The Knowledge Base

Documentation as a Brain

These docs are not just pages to read. They are the source of truth for the entire Avolve game — and they are machine-readable.

Every document in this collection is embedded as vectors in Supabase pgvector. This means the content can be searched semantically (by meaning, not just keywords) and used as context for AI-generated answers.

How It Works

The pipeline has three stages:

1. Content → Chunks

Each MDX document is split into chunks by section heading. A document with five ## headings becomes six chunks: the introduction plus five sections. Each chunk carries its source file, slug, heading, and frontmatter metadata.

2. Chunks → Vectors

Each chunk is embedded using Google's text-embedding-005 model via Vercel AI Gateway, producing a 768-dimensional vector that captures the semantic meaning of the text. Similar concepts produce similar vectors, regardless of exact wording.

3. Vectors → Answers

When you search or ask a question:

Your query is embedded into the same vector space
The database finds the most similar document chunks using cosine similarity
For search: the matching chunks are returned directly with relevance scores
For chat: the matching chunks become context for Claude, which generates a grounded answer citing specific documents

Who This Serves

The brain serves multiple stakeholders simultaneously:

Stakeholder	How They Access It	What They Get
Players	Search bar on /docs, chat on /docs/ask	Find answers by meaning, ask questions in natural language
Search engines	Structured MDX with Schema.org JSON-LD	Clean indexable content with rich metadata
AI agents	Vector search API, Supabase RPC	Any agent can query the knowledge base programmatically
Admin	Supabase dashboard, embedding scripts	Full control over what is indexed and how

The same content serves a human reading a doc page, Google indexing the site, an AI agent building context, and an admin debugging the system. One source of truth, multiple access patterns.

Architecture

MDX files (content/docs/)
    ↓ POST /api/embed
Google text-embedding-005 via Vercel AI Gateway (768 dimensions)
    ↓ upsert
Supabase pgvector (documents table, HNSW index)
    ↓ query
/api/search (vector similarity → ranked chunks)
/api/chat (vector similarity → Claude context → streamed answer)

The documents table stores:

Column	Purpose
`source`	Origin path (e.g., `docs/game-theory`)
`slug`	URL-friendly identifier
`heading`	Section heading (null for introduction)
`content`	The chunk text
`embedding`	768-dim vector
`metadata`	Frontmatter as JSON (title, tags, category)

An HNSW index enables fast approximate nearest-neighbor search. The match_documents function handles similarity queries with configurable threshold and result count.

What Gets Embedded

Only public documentation in content/docs/ is embedded. Internal notes, skill files, and admin references are not included. This is intentional — the brain contains exactly what players should be able to find and what AI agents should be able to cite.

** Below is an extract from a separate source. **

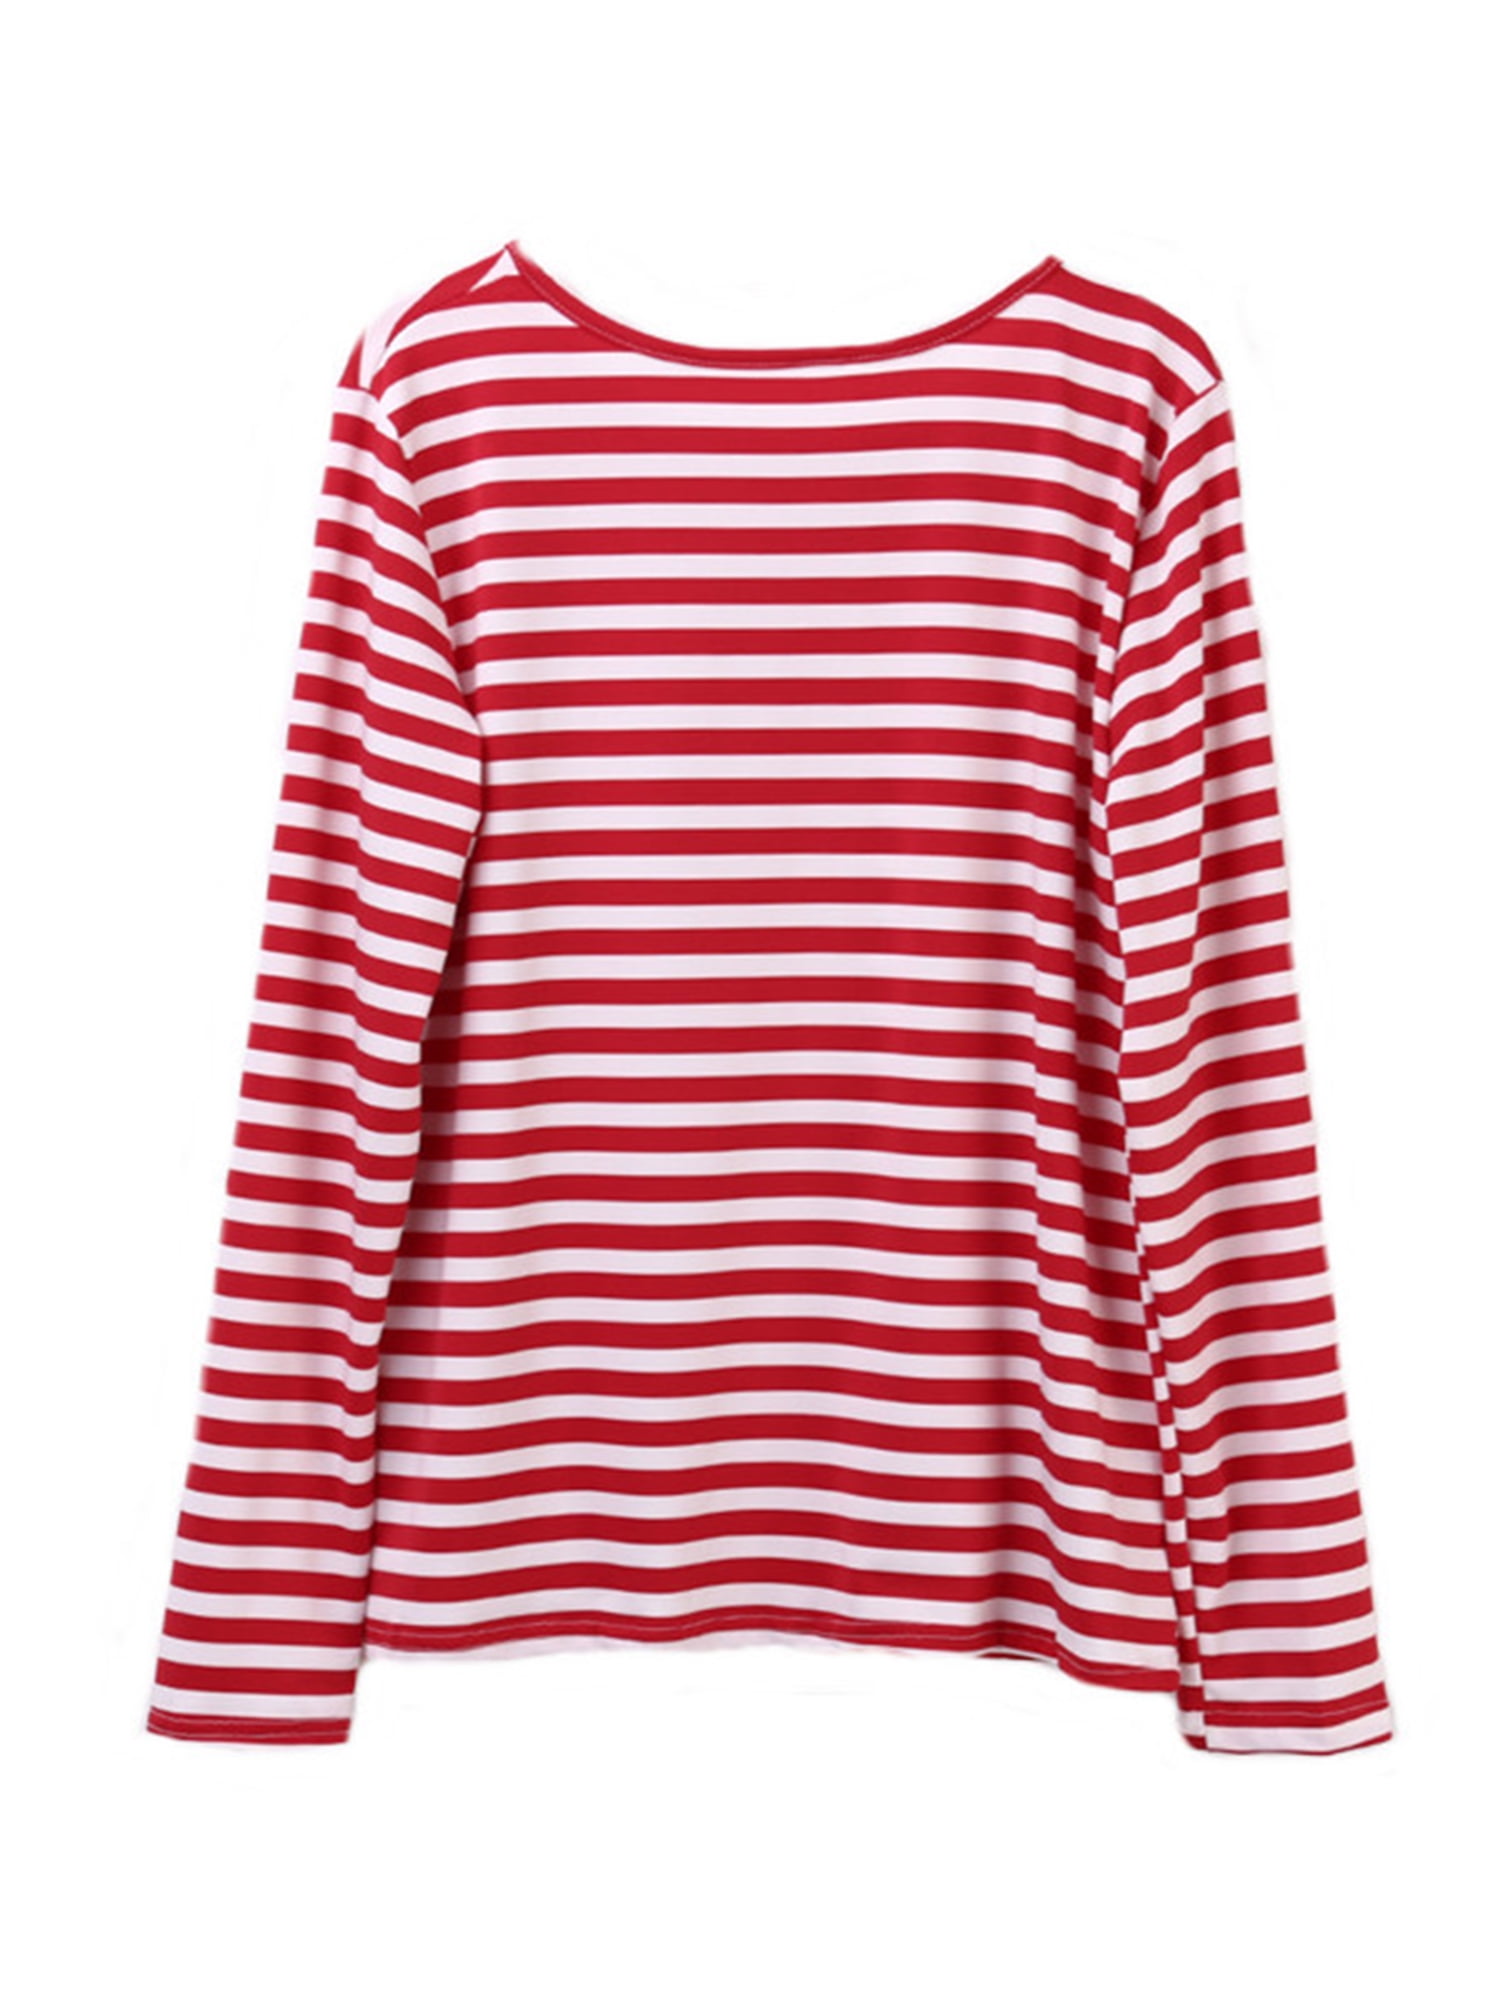 Konsekvent Overskrift Sociale Studier Yejaeka Red White Striped Tshirt Women Long Sleeve Cotton Loose Tee T Shirt  Female Basic O-Neck Tops - Walmart.com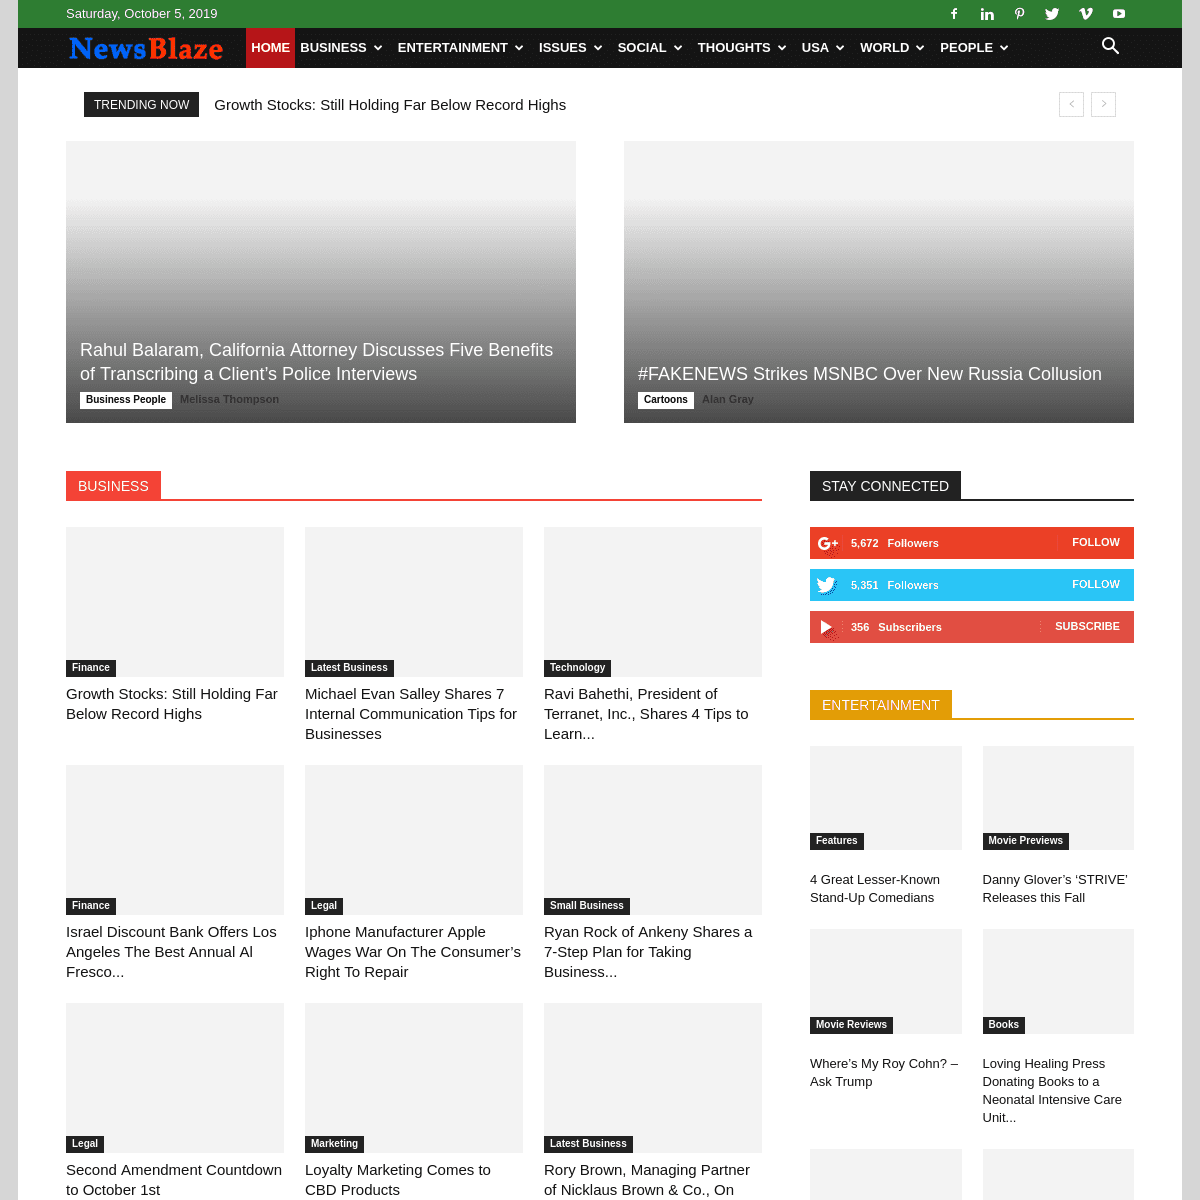 A complete backup of newsblaze.com

If a piece of information is important enough to be in the brain, it belongs in a doc. If it is internal-only, it stays in skill references or admin notes.

Keeping It Current

The embedding pipeline runs as an API route: POST /api/embed with the service role key in the x-embed-secret header. It deletes existing rows for each source before reinserting, ensuring the database always reflects the current state of the docs. There is no drift between what you read on the page and what the brain knows.

Limitations

Embedding model: Google text-embedding-005 is fast and cost-effective ($0.025/1M tokens) via Vercel AI Gateway. Sufficient for a focused documentation set.
Chunk granularity: Splitting by ## headings means very long sections become single chunks. Short sections may lack context. This works well for the current doc structure.
Latency: Search adds an embedding call (~100ms) plus a database query. Chat adds a Claude inference step on top. Both are acceptable for the use case.
Scope: Only docs are embedded. Future iterations could include Genius entry patterns, quest descriptions, or community knowledge.